Manila, March 3 - Surging prices of copra could prompt coconut oil mills in the Philippines to slow production or risk incurring huge losses, a senior industry executive has said.
This, however, could further limit the supply of coconut oil available for exports and thus keep export prices high in the near term, said Danilo Coronacion, president of CIIF Oil Mills Group, the country's largest exporter of coconut oil.
The Philippines is the world's largest exporter of coconut oil and ships an average of 1 million tons a year. CIIF accounts for about 40% of the country's overall coconut oil exports.
"There's nothing you can do to control the exchange rate and export prices. What is left for you to manage is your production cost," Coronacion said in an interview.
To minimize losses while maintaining normal operations as possible, oil mills are likely to reduce their offtake of copra.
The recent surge in the prices of copra, the dried coconut meat from which oil is extracted, is likely to wipe out profits from recently-contracted export deals, he said.
"Most users will buy copra on a hand-to-mouth basis, hoping that prices will adjust," he said.
Current copra prices, hovering between 37 to 38.50 pesos($1=PHP40.80) a kilogram, are 30% higher from prices quoted early January.
"Considering the acceleration of prices, I imagine there will be significant default in contracts," Coronacion said.
He added, however, that CIIF would fulfill all its outstanding contracts as "maintaining a good name is more important."
To manage production cost, CIIF is now operating only two of its five oil mills, Coronacion said.
"We're downsizing our operations and at the same time optimizing our efficiency... We're really suffering from the distortions in the industry, in that most of our oil mills aren't backward integrated," he said.
Prices Buoyed By Adverse Weather, Costly Substitutes Philippine copra prices are driven by a combination of bullish factors, which include La Nina-induced adverse weather condition affecting major producing areas along the eastern border of the Philippines.
Such weather disturbance impedes harvesting, drying and processing of copra, Coronacion said.
La Nina is a weather phenomenon that brings above normal rainfall.
Also, early harvesting of nuts last year could further limit copra supply in the first half of the year, a traditional lean production season, he said.
Following typhoon-related tightness in copra supply for most of last year, coconut farmers have resorted to early harvesting of nuts in a bid to take advantage of high prices.
"The implication is that our exports in the next three months will be limited.
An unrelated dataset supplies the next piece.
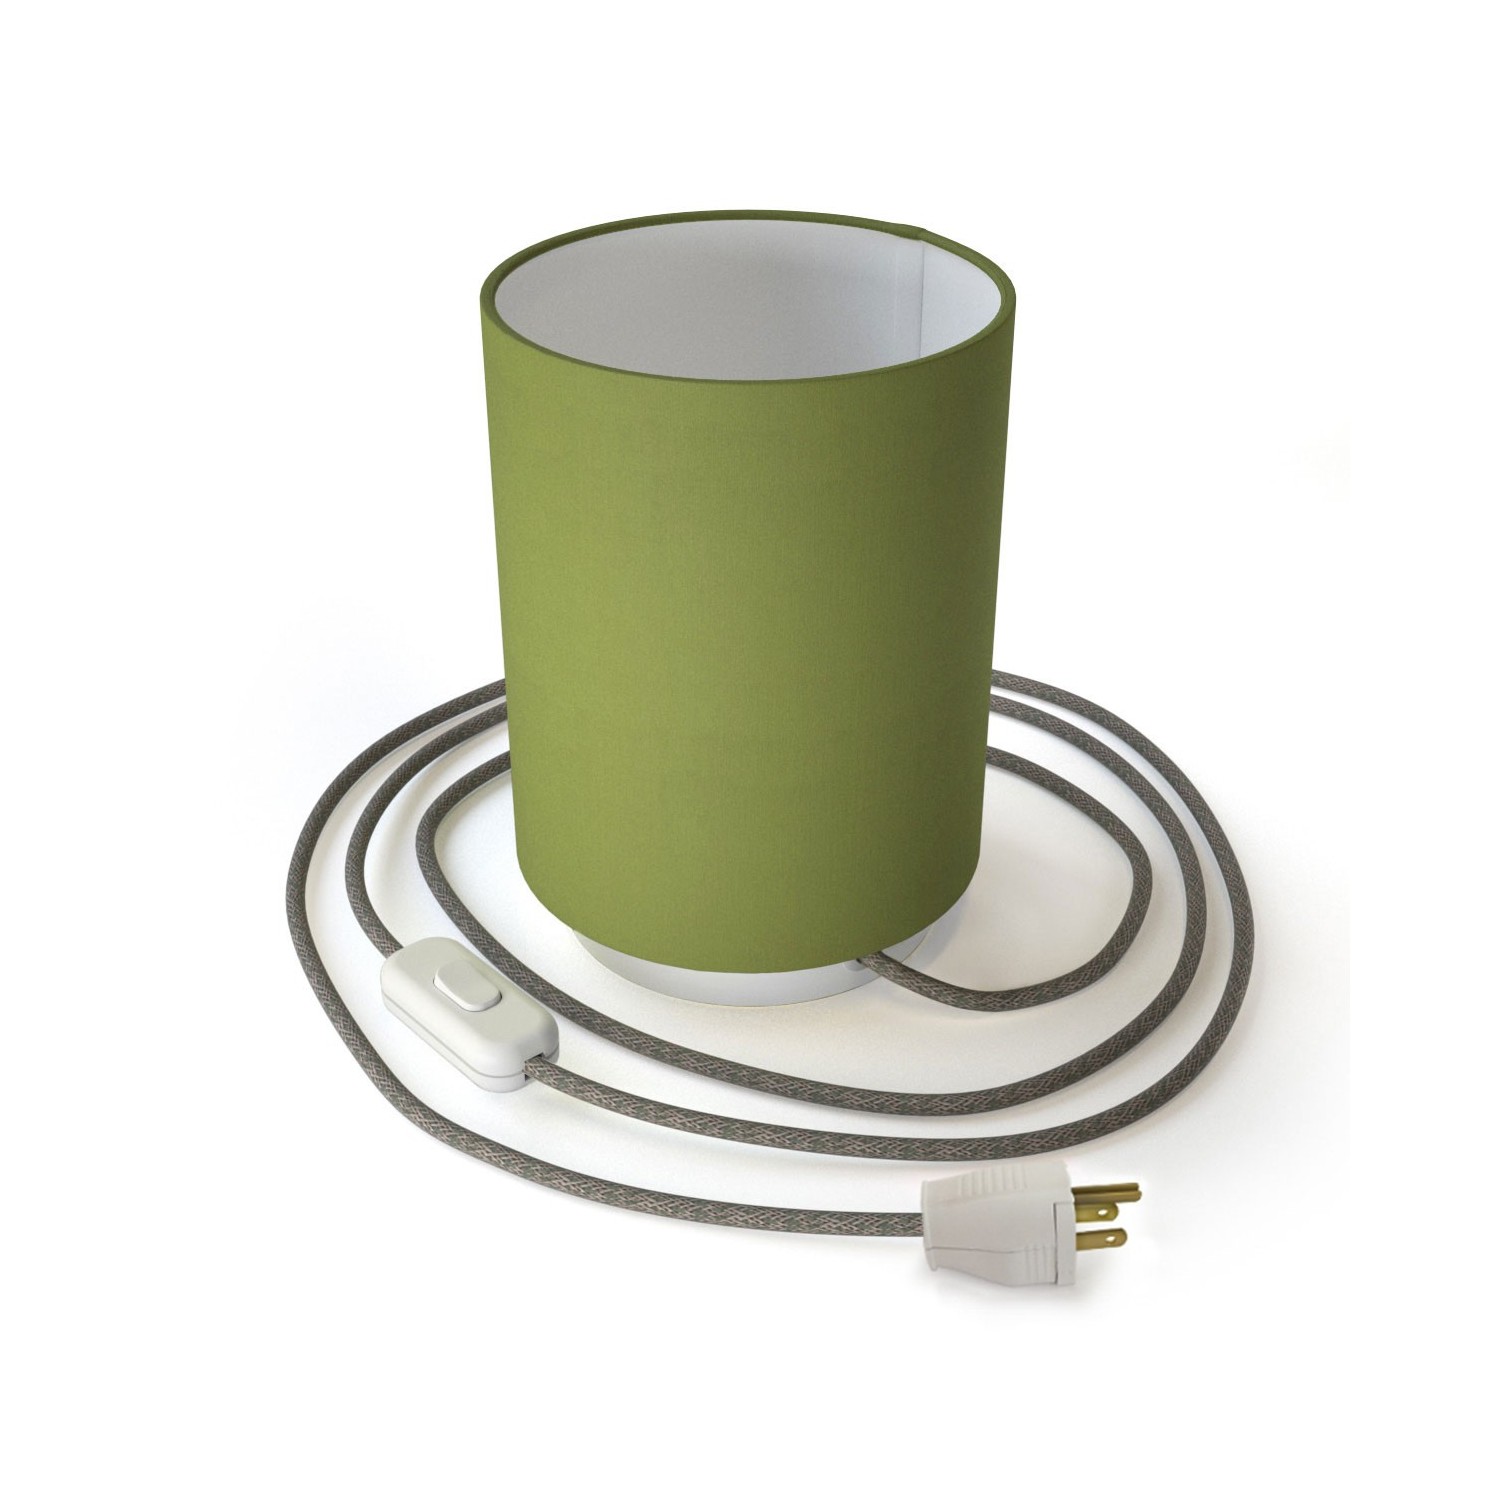 Posaluce de metal con pantalla de cilindro Verde Oliva, con cable textil, interruptor y clavija

What should be harvested this month may have been harvested last year," he said.
The prevailing tightness in copra supply has reduced Philippine exports of coconut oil in February to 78,980 metric tons, down 30% from 112,680 tons exported in January.
Tight Local Supply To Boost Copra Imports Tight domestic supply could lead to higher imports of copra, mainly from Indonesia and other Pacific islands, Coronacion said.
He said copra imports this year could reach 60,000 tons, compared with only 35,000 tons last year.
Copra prices also mirror gains in coconut oil export prices which are buoyed mainly by bullish influence of the bellwether palm oil and soy oil markets.
Soybean futures on the Chicago Board of Trade soared to a record high Friday with soyoil leading the rally on tight world edible oil supplies and strong global demand.
This steered crude palm oil futures on Malaysia's derivatives exchange Monday to reach another record high, breaking above the 4,200-ringgit-a-metric-ton level for the first time.
Coconut oil prices also hit a record high Monday with the March/April shipment being offered at $1,525-$1,530/ton, CIF Rotterdam and April/May at $1,530-$1,535/ton,CIF. These prices are higher by $50-$55/ton from prices offered Friday.